Because of the minimal metabolism of BMP by human hepatic microsomes and hepatocytes, its glucuronidation by human intestinal microsomes was investigated. Intestinal glucuronidation is known to occur for numerous drugs and chemicals (Cubitt et al., 2009) and may play a more important role in humans than in rats (Dalvie et al., 2008; Wong et al., 2009). Some UGT enzymes (i.e., UGT1A8) are expressed primarily in the intestinal system (Fisher et al., 2001). Although human intestinal microsomes did glucuronidate BMP, the rate was slower than that of hepatic microsomes. Thus, it appears that BMP undergoes minimal glucuronidation by human tissues, and no other significant metabolic pathways are apparent.

The only expressed UGT enzyme to glucuronidate BMP was UGT2B7. This human enzyme glucuronidated BMP at a rate that was similar to that of human hepatic microsomes. Members of the UGT1A family were inactive. Because there is a high homology among members of the UGT2B family (Mackenzie et al., 2005) and UGT2B7 was the only member of the UGT2B family tested, it is not known whether other UGT2B enzymes may contribute somewhat to the low level of BMP glucuronidation observed in human liver and intestine. It is likely that UGT2B enzymes are responsible for the glucuronidation of BMP by hepatic microsomes of rats as well as those of the other species tested. However, the dramatic variation in the extent of BMP glucuronidation between rats and humans suggests that rats may possess a specific UGT2B enzyme that is not or is only poorly expressed in human hepatic microsomes. Other investigators have reported that human liver microsomes possess dramatically less glucuronidation activity toward aliphatic alcohols than rat liver microsomes. For example, the V_max/K_m ratios for the glucuronidation of n-propanol by rat and human hepatic microsomes were 3.0 and 0.5 μl/min/mg, respectively (Iwersen and Schmoldt, 1997; Jurowich et al., 2004).

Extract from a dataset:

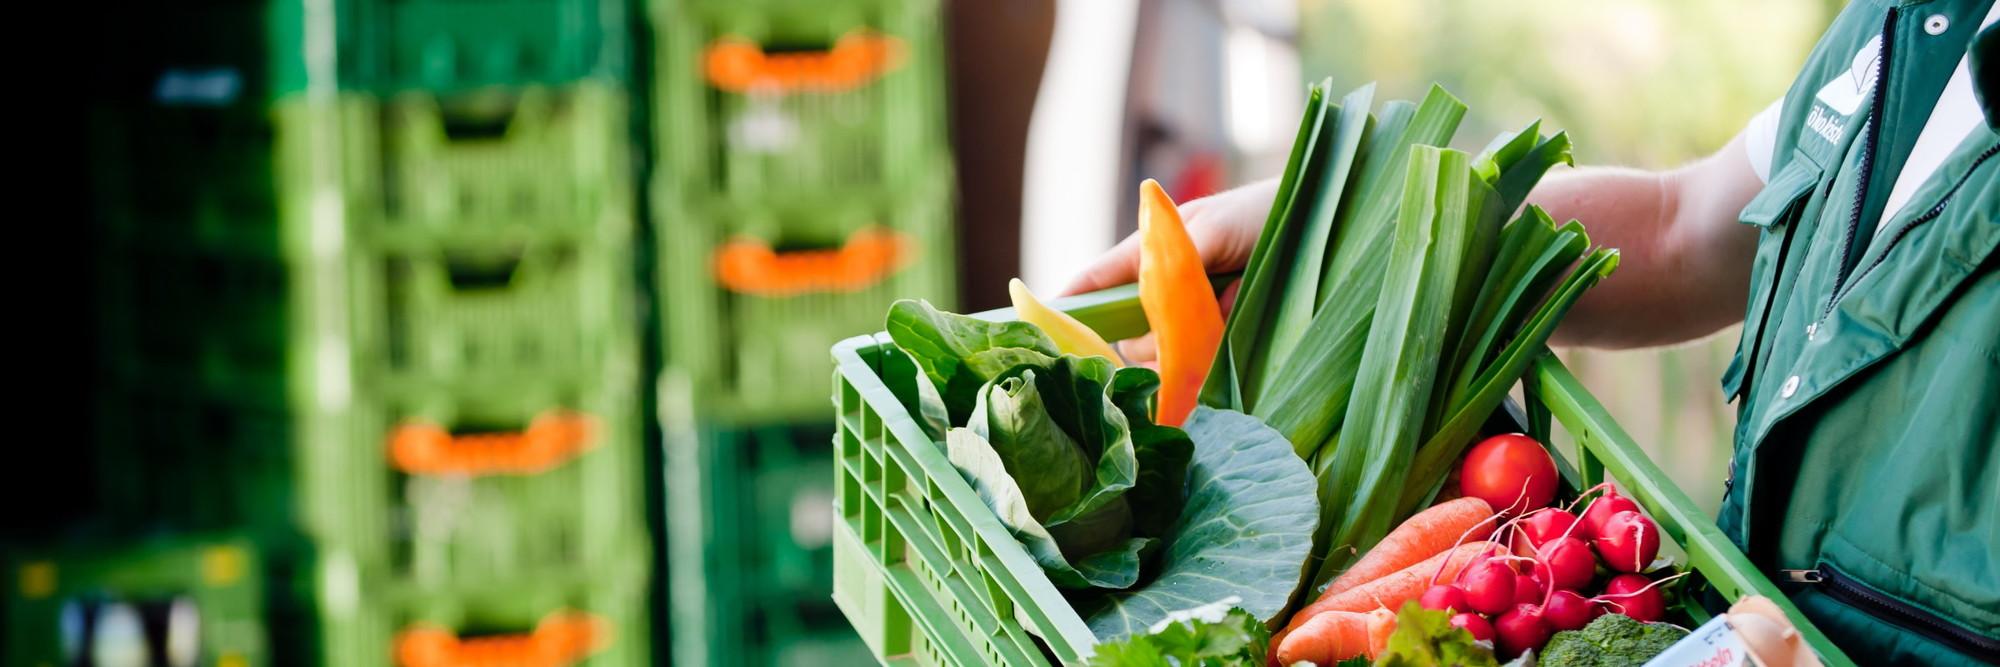 Eine grüne NAPF-Kiste voller Gemüse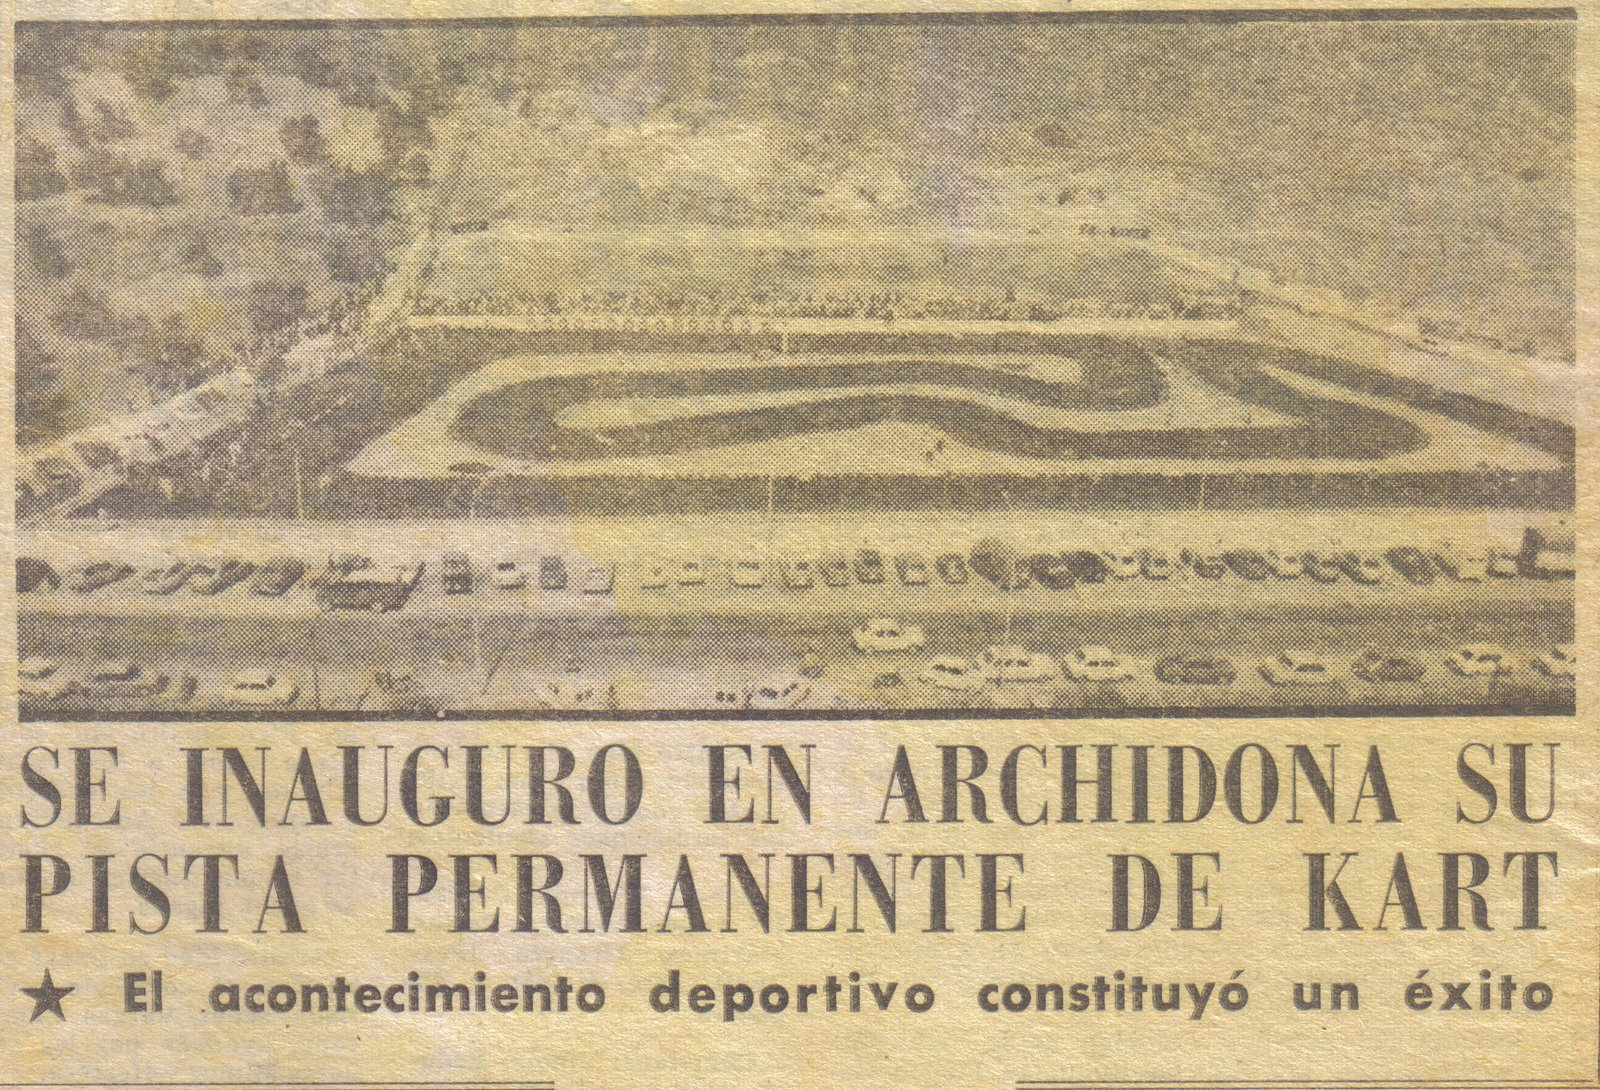 EL KARTING EN MALAGA | HISTORIA DEL AUTOMOVIL EN MALAGA

Because BMP is a dialcohol, it may be metabolized by the same UGT as simple alcohols. Iwersen and Schmoldt (1997) reported that a specific hydroxysteroid UGT (UGT2B3) present in rat liver microsomes catalyzed the glucuronidation of aliphatic alcohols (C1–C7). However, the affinity of this enzyme was low, with K_m values ranging from 0.3 to 86 mM (K_m values for glucuronosyl transferase(s) decreased with increasing chain length). The alcohol with the highest affinity (heptanol) yielded a V_max/K_m value of 40 μl/min/mg, which is similar to the value of 42 to 65 μl/min/mg obtained for BMP reported here. In studies with human liver microsomes, Jurowich et al. (2004) reported a similar structure-activity relationship for glucuronidation of these alcohols but found their affinities to be 2- to 6-fold lower for human liver microsomes than for rat liver microsomes. Thus, BMP seems to behave similarly to aliphatic alcohols (C5–C7) with respect to glucuronidation by rat and human liver microsomes. An understanding of the molecular aspects of this rodent/human difference in glucuronidation capacity toward chemicals such as BMP has important toxicological ramifications, particularly when metabolic data are used to extrapolate findings in rats to humans.

In conclusion, glucuronidation appears to be the sole route of metabolism for BMP in rodents and humans and most likely for the other species investigated. Among the species tested, rodents displayed the highest glucuronidation capacity. Our data suggest that interspecies differences in UGT enzymes significantly alter the glucuronidation of BMP and result in severely compromised capacity to metabolize BMP in some species. The poor glucuronidation capacity of BMP by humans suggests that its in vivo pharmacokinetic profile will differ dramatically from that obtained in rodents. How such dramatic differences in pharmacokinetics will affect the potential for BMP toxicity in humans remains to be established.